RL — Meta-Learning
So far, AI cannot learn as efficiently as a human. Many classifiers take millions of training samples to train and knowledge is not shared among tasks. Each task is trained independently from others. In this article, we will look into the problems and then check out some proposed solutions.
What is the problem?
Comparing with a human, there are two critical weaknesses:
- Sample efficiency: Deep learning has poor sample efficiency. For example, to recognize digit handwriting, we typically read 6000 samples per digit.
- Poor transferability. We don’t learn from previous experience or knowledge.
So what is meta-learning? We define it as “learn how to learn”. Personally, I don’t think this clarifies anything. In reality, we don’t know the exact definition or the solution yet. So it is still a loose term referring different approaches. In this article, we will focus on the following areas:
- recurrent models,
- meta-optimization, and
- metric learning.
But let’s define some basic concept first. In CIFAR-10, we have 60,000 images in ten different categories. In few-shot learning, we train a model with a far larger amount of tasks but far fewer samples per task. Our ultimate goal is generalizing knowledge and apply the model to new tasks that even not train before.
For example, in task 1, we are given 3 samples to learn emoji. Then, with a new emoji, we train the model to associate it with one of the previous samples.
In our second task, we train it with the alphabets.
We repeat the process many times with different tasks. Once the training is done, we measure the model versatility by testing it with a task that we have not performed before, distinguishing the Chinese characters. And yet, the model can associate the testing samples correctly with the new input.

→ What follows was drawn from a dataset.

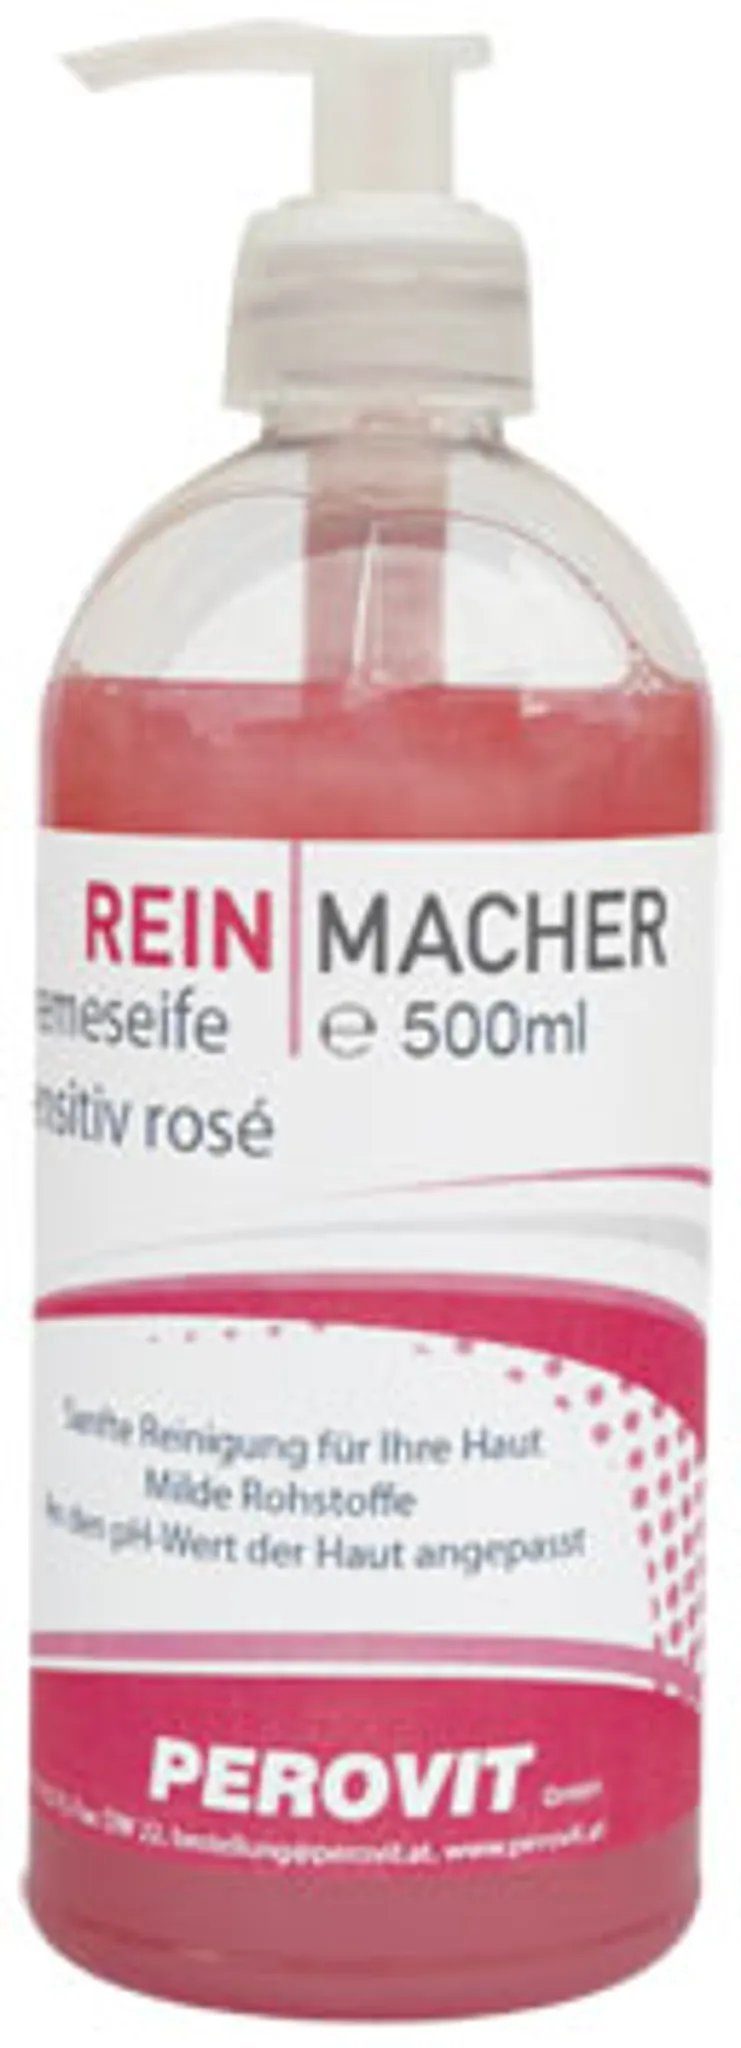 rose Handseife Reinmacher HCR Cremseife ml Sensitiv Hygiene 500

We may wonder what is the difference between few-shot training and our traditional DL using a large dataset. In DL, we use regularization to make sure we are not overfitting our model with a small dataset. But by training the model with so many samples and iterations, we are overfitting our tasks. What we learned cannot be generalized to other tasks.
Let me demonstrate some of the constraints in DL. We often get stuck when we test samples that are not common in the dataset. For example, in the toy category, there are way too many variants that a DL model can learn. As shown below, the yellow toy duck is badly classified. In few-shot training, the key objective is to process data that we have not been trained before.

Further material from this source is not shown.